Poor penis management isn't necessarily a political problem. You see, before Ginger, there was Gennifer.

tsada kay said...

True, but do you think it's fair to say that as a society we've devolved a bit since then? Sure, we've gotten racier when it comes to our popular culture, but we're so much more provincial when it comes to stuff like this. When JFK was president, The Flintstones were still sleeping in separate beds, and yet society turned a blind eye to his marital indiscretions (well, until Marilyn got to be a boil on the neck of the administration). Now we debut our pop music in strip clubs and 9 year olds wear PINK signs on their asses, but we vet our politicians based on where their penises have been.

Or maybe it's just that Hermain Cain ain't no Bill Clinton.


The Lazy Paperboy said...

I think Bill Clinton would have had a much tougher time knocking down the Gennifer Flowers claims if, for instance, she'd been able to put his drawling phone calls on YouTube. Look at how much harder it was for him six years later when Drudge was on his nuts, if I'm allowed to be lazy and steal a phrase.

mmmmm, chicken. CHICKEN.

I also think you have a point about attitudes. Clearly, plenty of people believed Bubba was more JFK than Fred Flintstone, but that didn't keep them from voting for him. Which is not to say a further shift in public attitudes in the last 20 years is all that sunk Herman Cain. Politics just isn't his game, and somebody finally told him.

tsada kay said...

Yep. Cain sure ain't no Bubba...that's for sure. That said, I doubt the pizza guy would have even got as far as he did twenty years ago.
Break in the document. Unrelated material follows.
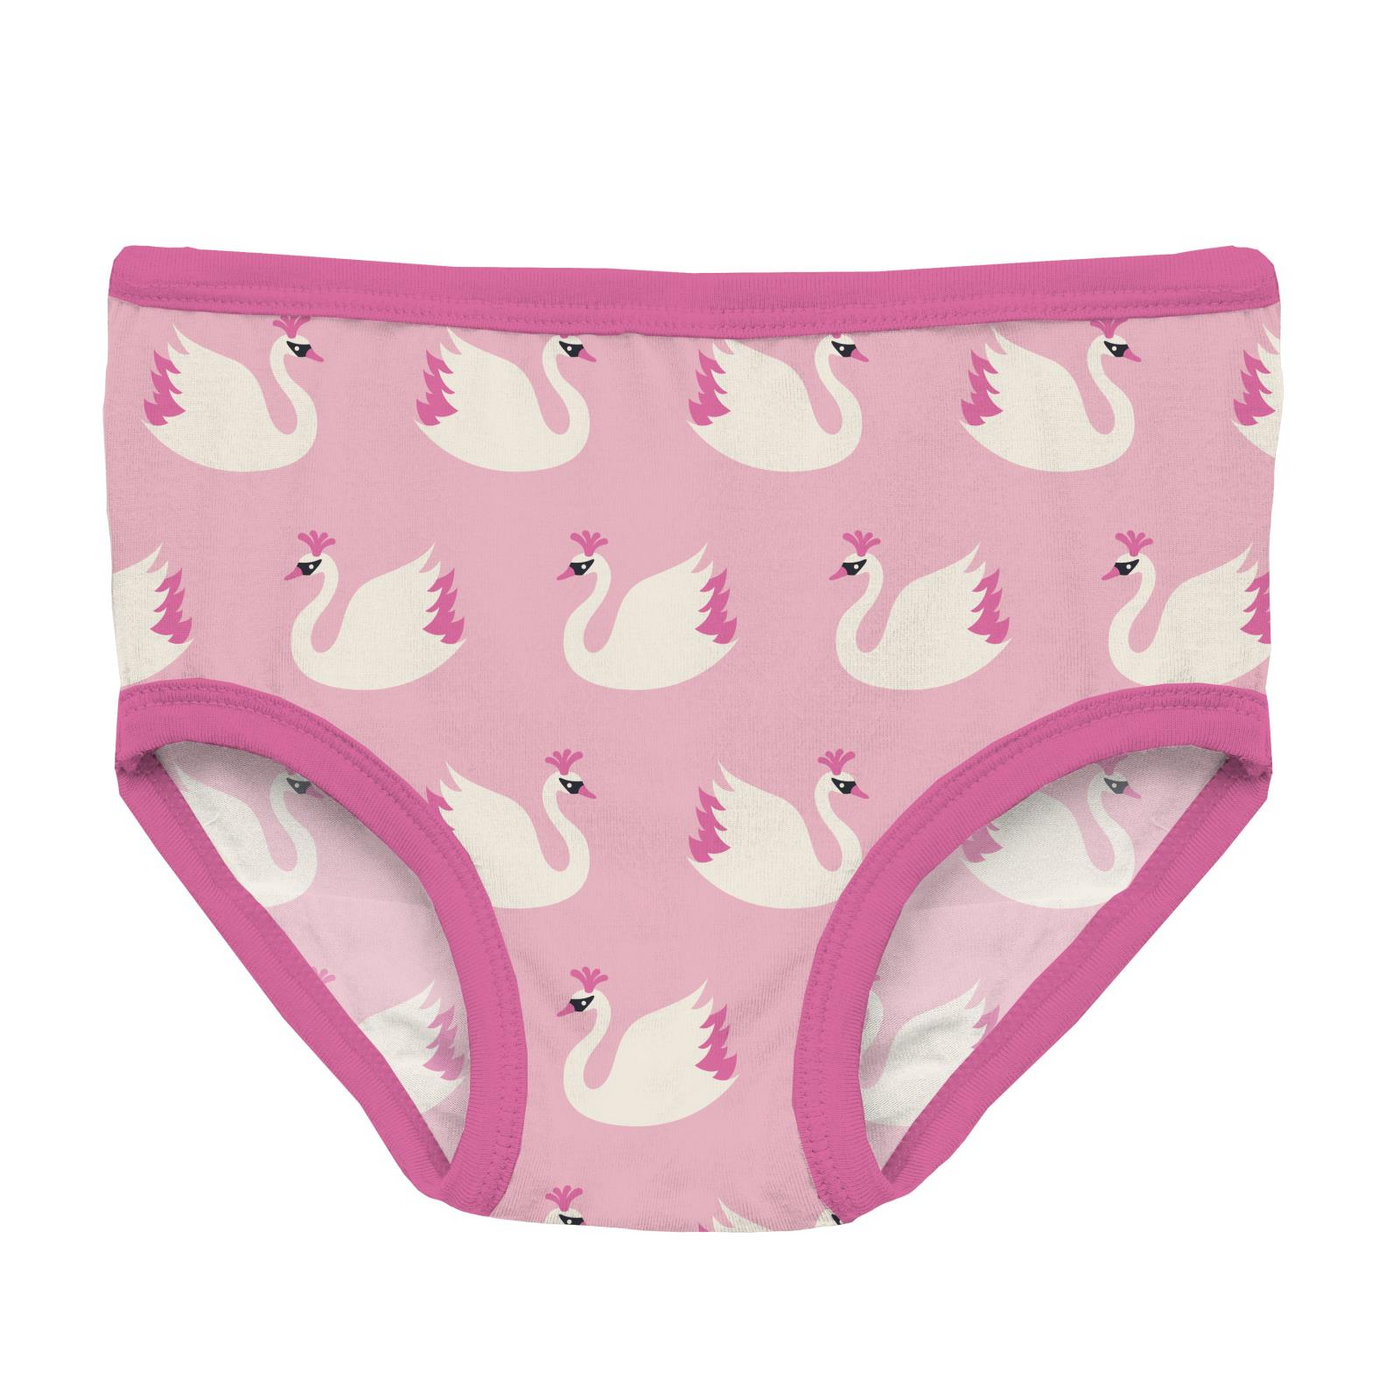 Kickee Pants Girl's Underwear Set of 3: Cake Pop Swan Princess, Natural, Tulip Johnny Appleseed
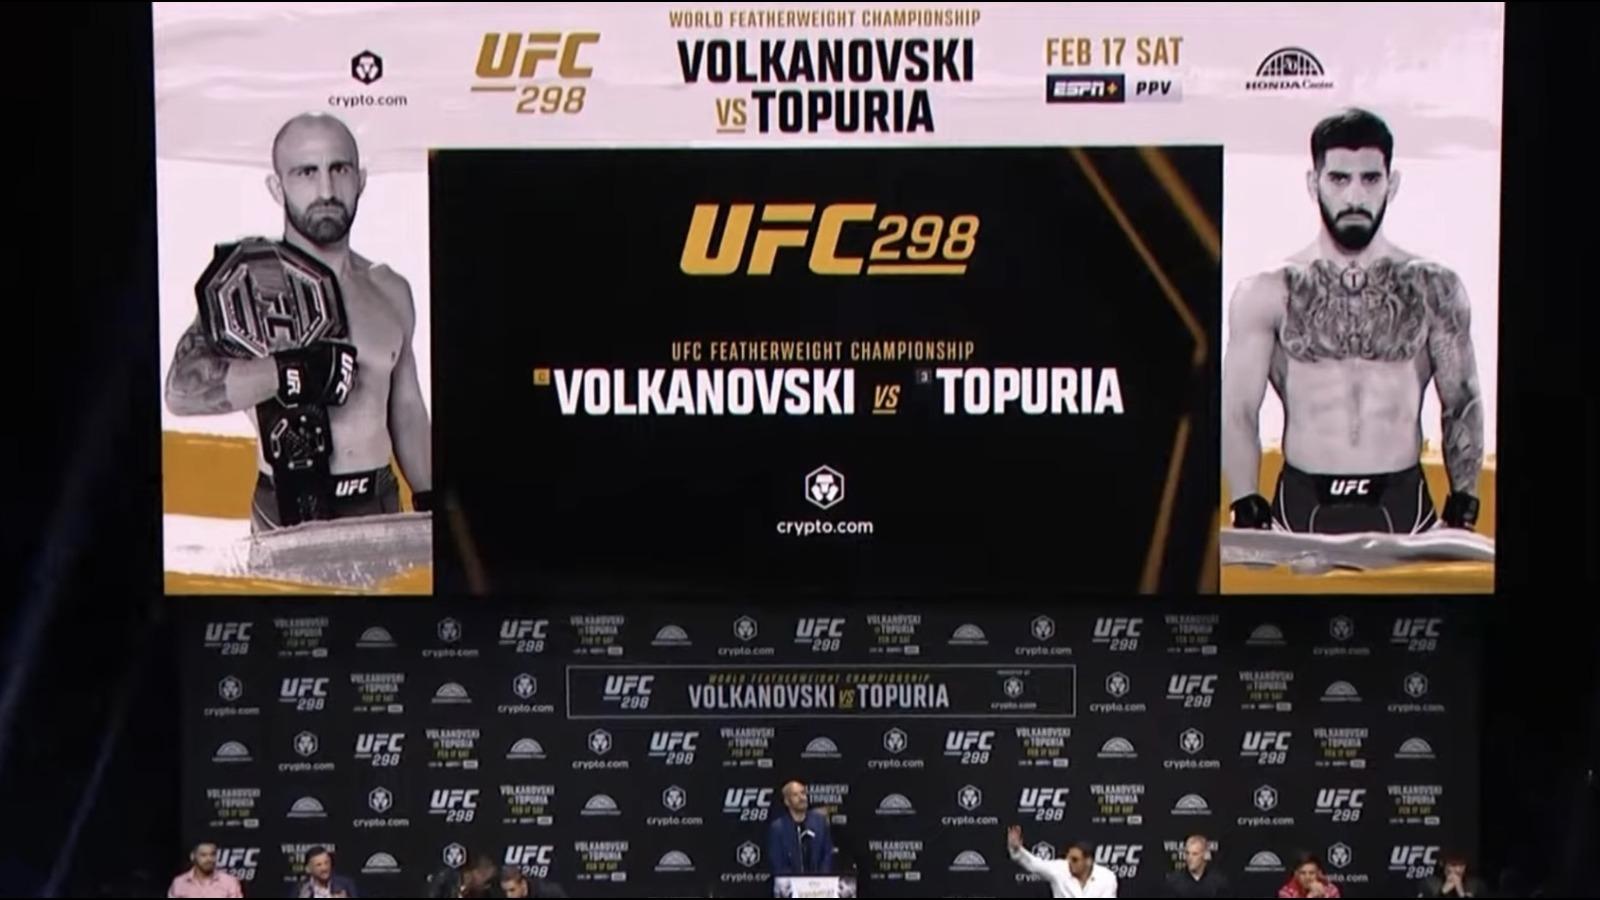 Alexander Volkanovski is set to defend his belt this weekend at UFC 298

This is what happens when society lowers its standards and is willing to accept chicken as a suitable topping for pizza.

The Lazy Paperboy said...

The very idea of chicken (CHICKEN!) on pizza would have given Colonel Sanders, God rest his extra crispy soul, a boneless drumstick.

tsada kay said...

Yes, it is safe to say that chicken pizza was definitely NOT on the Colonel's bucket list.


The Lazy Paperboy said...

"Bucket list" wins you your choice of an extra side. I'd say you earned anything on the Colonel's menu, but you know, it's full of CHICKEN.